Ciò non ostante, quello che è successo non è poi così sorprendente, considerando che Lavrov aveva già predetto con certezza che gli Stati Uniti e la loro coalizione di alleati sarebbero riusciti a trattenere la Turchia. Lavrov era chiaramente al corrente di quel tipo di colloqui segreti di alto livello di cui raramente le masse sono messe al corrente in dettaglio, come tipicamente succede quando una grande potenza si muove in campo diplomatico. Ci sono seri motivi per credere che la Russia e gli Stati Uniti abbiano raggiunto a porte chiuse un qualche tipo di accordo tra gentiluomini. Il più chiaro indizio di ciò sembrerebbe essere l’importante dichiarazione di Lavrov del 14 Marzo riguardo alla disponibilità russa a coordinare le proprie azioni con gli Stati Uniti per liberare la città di Raqqa, dichiarazione che, è bene ricordarlo, è stata fatta appena poche ore prima che Putin annunciasse la sensazionale notizia del ripiegamento militare.
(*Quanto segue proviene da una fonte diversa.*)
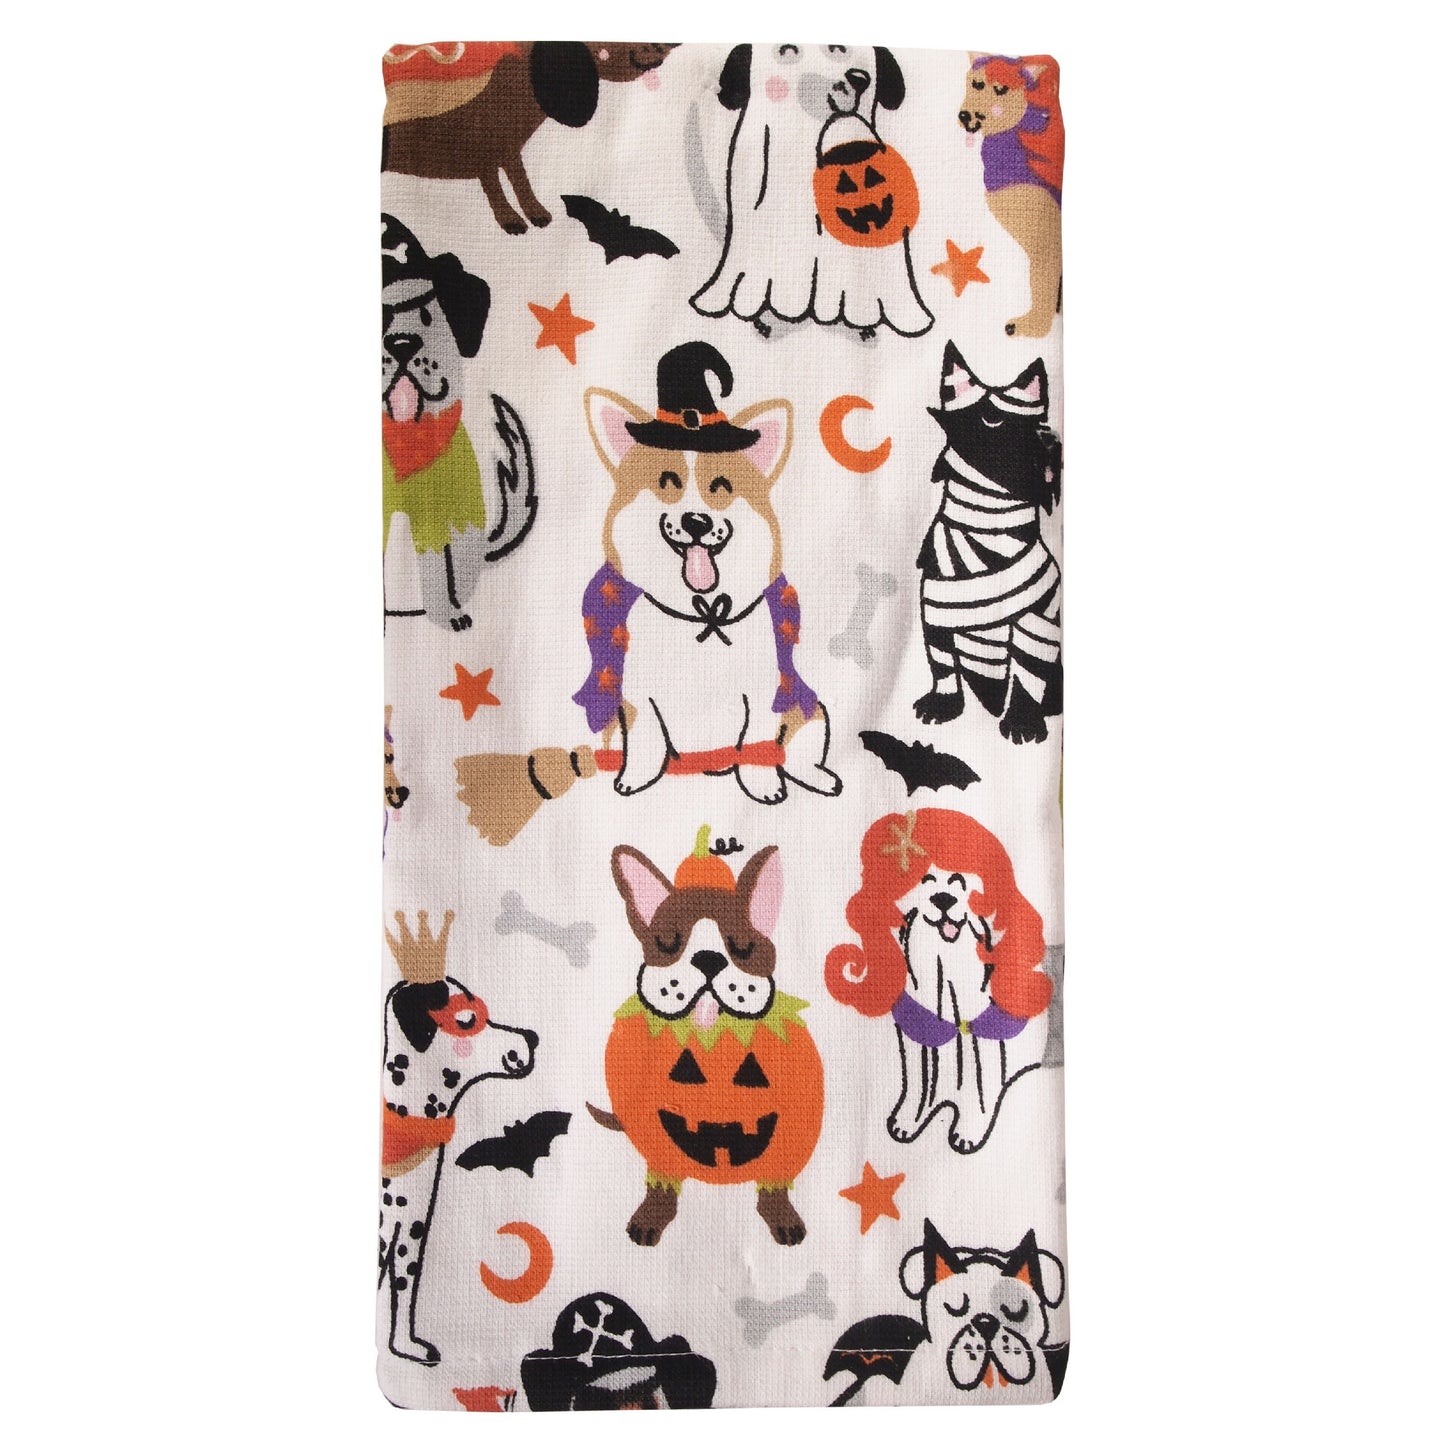 Halloween/Fall Dogs in Costumes Tea Towel - witches - mummies - unicorns

State in guardia dalle Idi di Marzo

Una volta dimostrato l’esistenza di colloqui diplomatici segreti sulla Siria tra Russia e Stati Uniti (come evidenziato dalla già citata dichiarazione a sorpresa di Lavrov), l’attuale attacco contro la Turchia e l’Arabia Saudita, senza precedenti nella storia americana, può ora essere visto in una luce completamente nuova, e analizzato per comprendere meglio quello che un ipotetico accordo tra Mosca e Washington potrebbe aver comportato.

Il cauto e riluttante appoggio americano dato ad Erdogan dopo l’abbattimento dell’anno scorso di un areo russo impegnato nelle operazioni di antiterrorismo in Siria, scatenò un mare di domande su che motivo potessero mai avere gli Stati Uniti per abbandonare la Turchia al proprio destino in un maniera del genere, ma dopo aver capito come l’intera faccenda sia riducibile alla questione curda, è lecito rispondere che gli Stati Uniti hanno in realtà tradito l’uomo forte turco.

Il rifiuto degli Stati Uniti di dare alla Turchia il via libera per invadere la Siria, esattamente come Lavrov aveva predetto, è stata la prova decisiva di cui Mosca necessitava per essere sicura che Washington fosse davvero sincera mentre barattava gli interessi di Ankara per il proprio tornaconto geopolitico di vasta scala.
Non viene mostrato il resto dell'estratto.